[Task brief] Every line of the entries below from the one containing "Qualcomm Snapdragon 7" to the one containing "Mandala Simple With 2 Owls", both ends included, must be written out exactly. No other line belongs in the answer.

[Data to examine]
----
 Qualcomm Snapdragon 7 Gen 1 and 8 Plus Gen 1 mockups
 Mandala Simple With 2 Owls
----
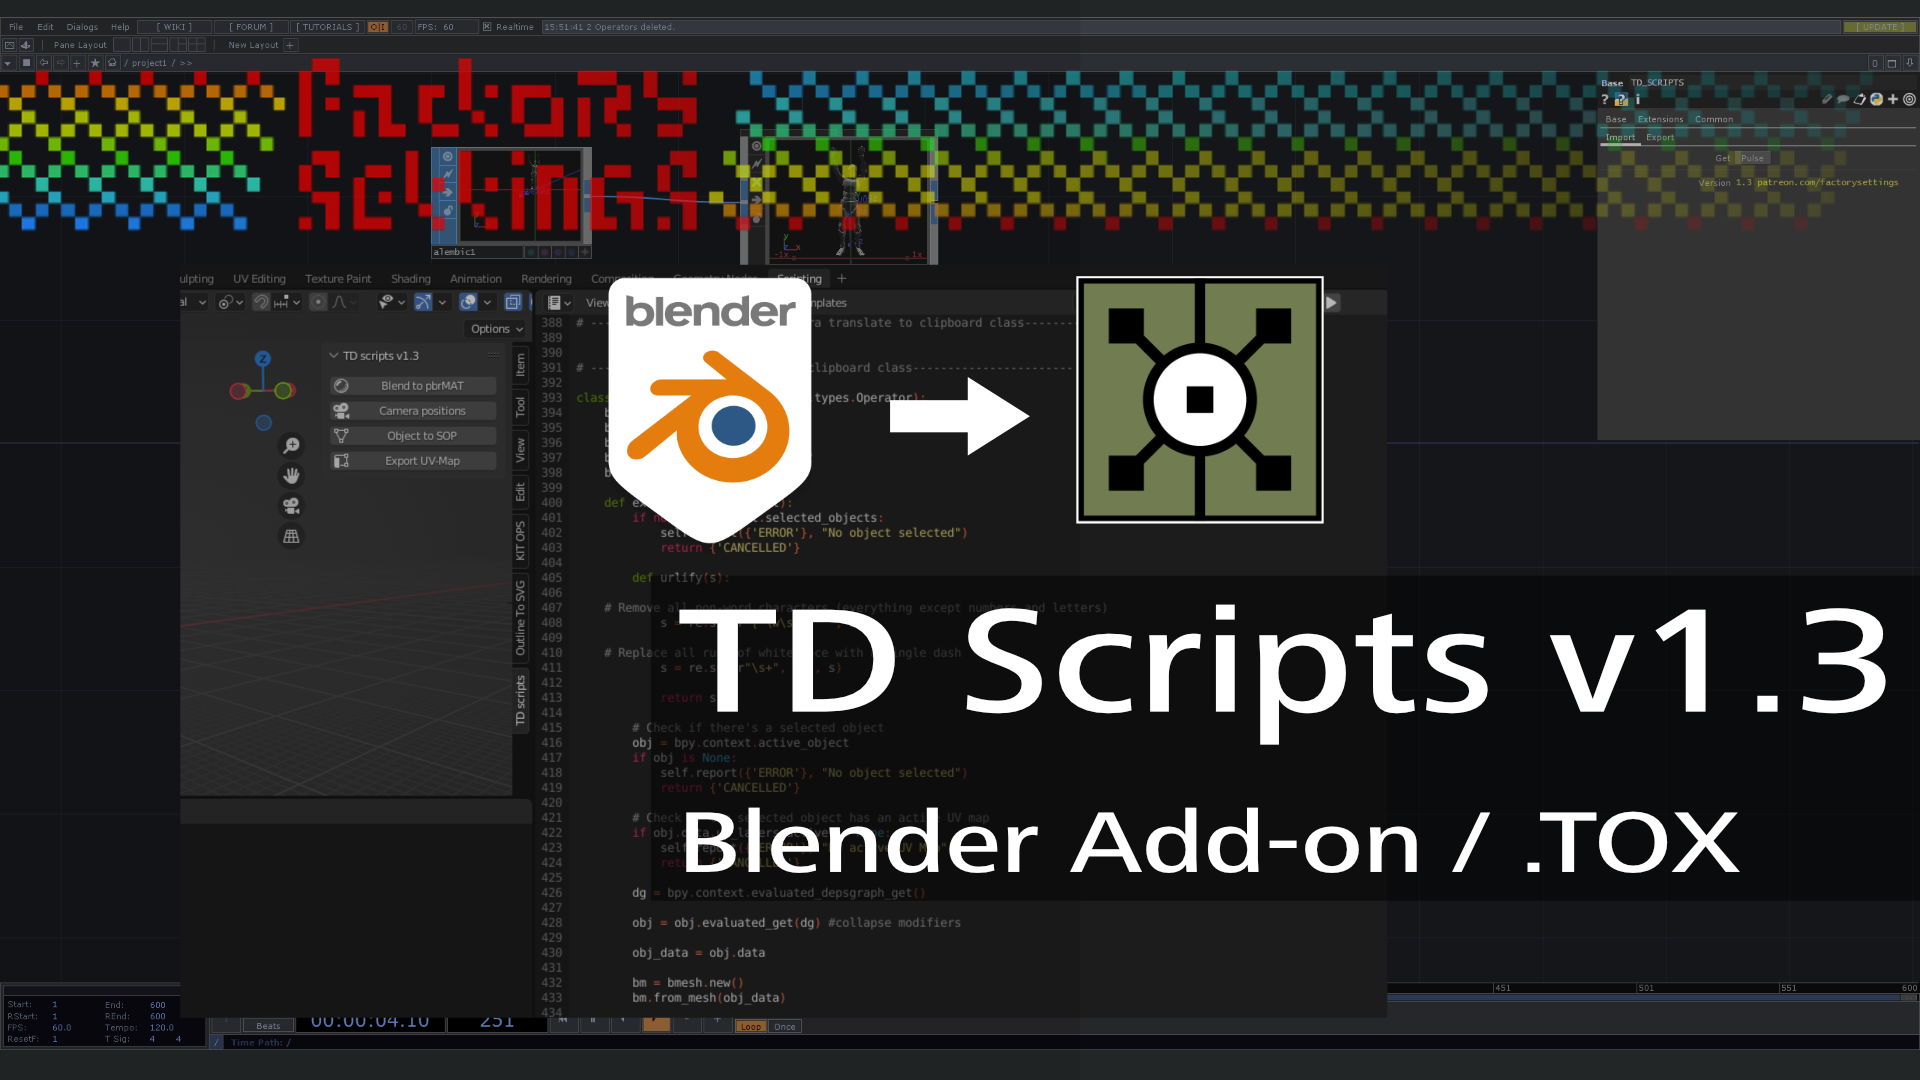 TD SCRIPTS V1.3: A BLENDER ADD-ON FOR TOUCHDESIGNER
----
[Exercise answer]
 Qualcomm Snapdragon 7 Gen 1 and 8 Plus Gen 1 mockups
 Mandala Simple With 2 Owls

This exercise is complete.